Raes Jeroen, Korbel Jan O, Lercher Martin J, von Mering Christian, Bork Peer
European Molecular Biology Laboratory, Meyerhofstrasse 1, D-69117 Heidelberg, Germany.
Genome Biol. 2007;8(1):R10. doi: 10.1186/gb-2007-8-1-r10.
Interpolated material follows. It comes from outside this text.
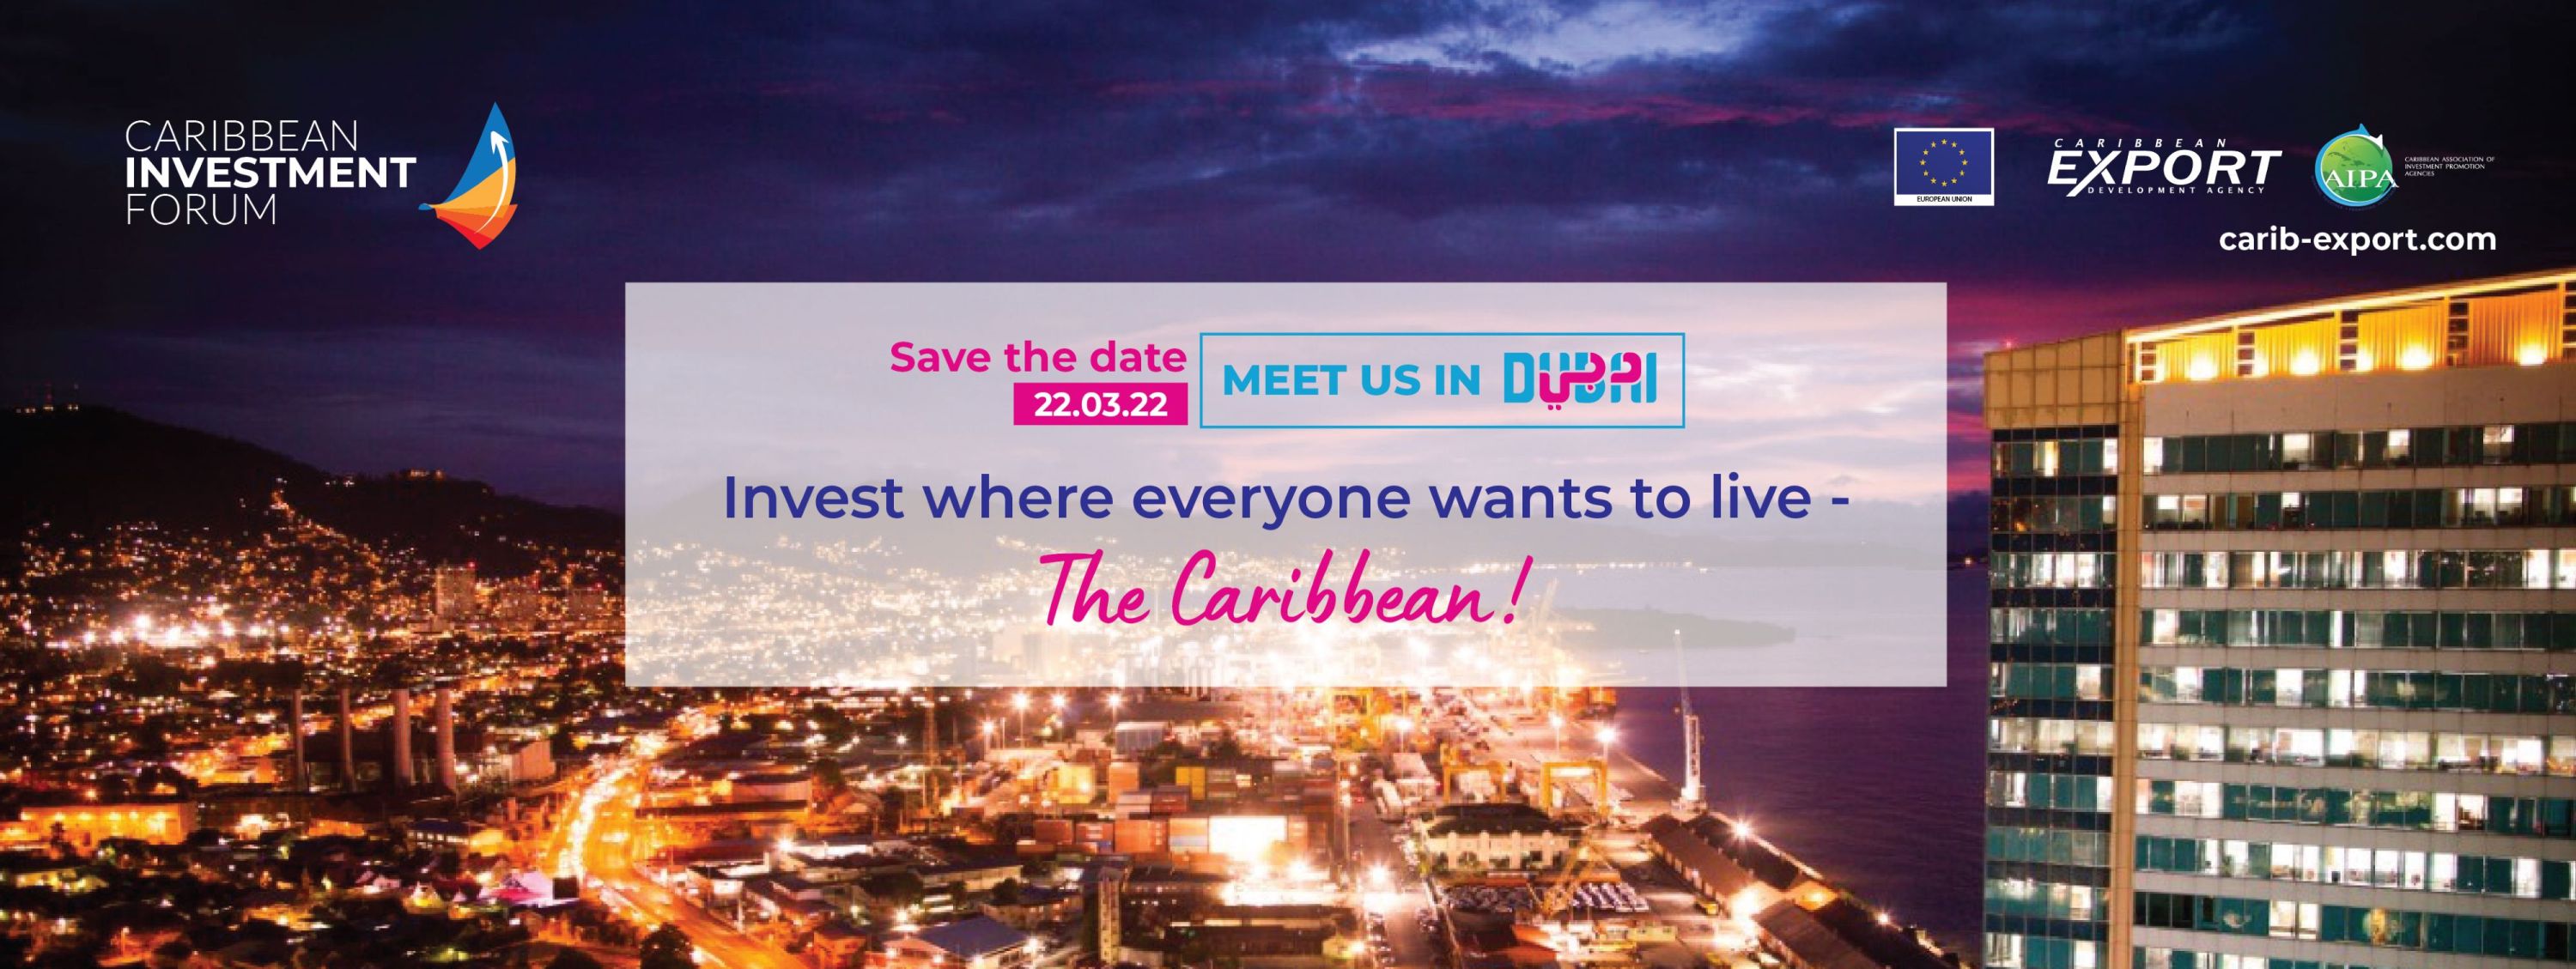 CAIPA To Host Caribbean Investment Forum in Dubai Main Photo

We introduce a novel computational approach to predict effective genome size (EGS; a measure that includes multiple plasmid copies, inserted sequences, and associated phages and viruses) from short sequencing reads of environmental genomics (or metagenomics) projects. We observe considerable EGS differences between environments and link this with ecologic complexity as well as species composition (for instance, the presence of eukaryotes). For example, we estimate EGS in a complex, organism-dense farm soil sample at about 6.3 megabases (Mb) whereas that of the bacteria therein is only 4.7 Mb; for bacteria in a nutrient-poor, organism-sparse ocean surface water sample, EGS is as low as 1.6 Mb. The method also permits evaluation of completion status and assembly bias in single-genome sequencing projects.
我们引入了一种新颖的计算方法,可根据环境基因组学(或宏基因组学)项目的短测序读数预测有效基因组大小(EGS,一种包含多个质粒拷贝、插入序列以及相关噬菌体和病毒的度量)。我们观察到不同环境之间的EGS存在显著差异,并将其与生态复杂性以及物种组成(例如真核生物的存在)联系起来。例如,我们估计在一个复杂、生物密集的农田土壤样本中,EGS约为630万个碱基对(Mb),而其中细菌的EGS仅为470万个碱基对;对于贫营养、生物稀疏的海洋表层水样本中的细菌,EGS低至160万个碱基对。该方法还允许评估单基因组测序项目的完成状态和组装偏差。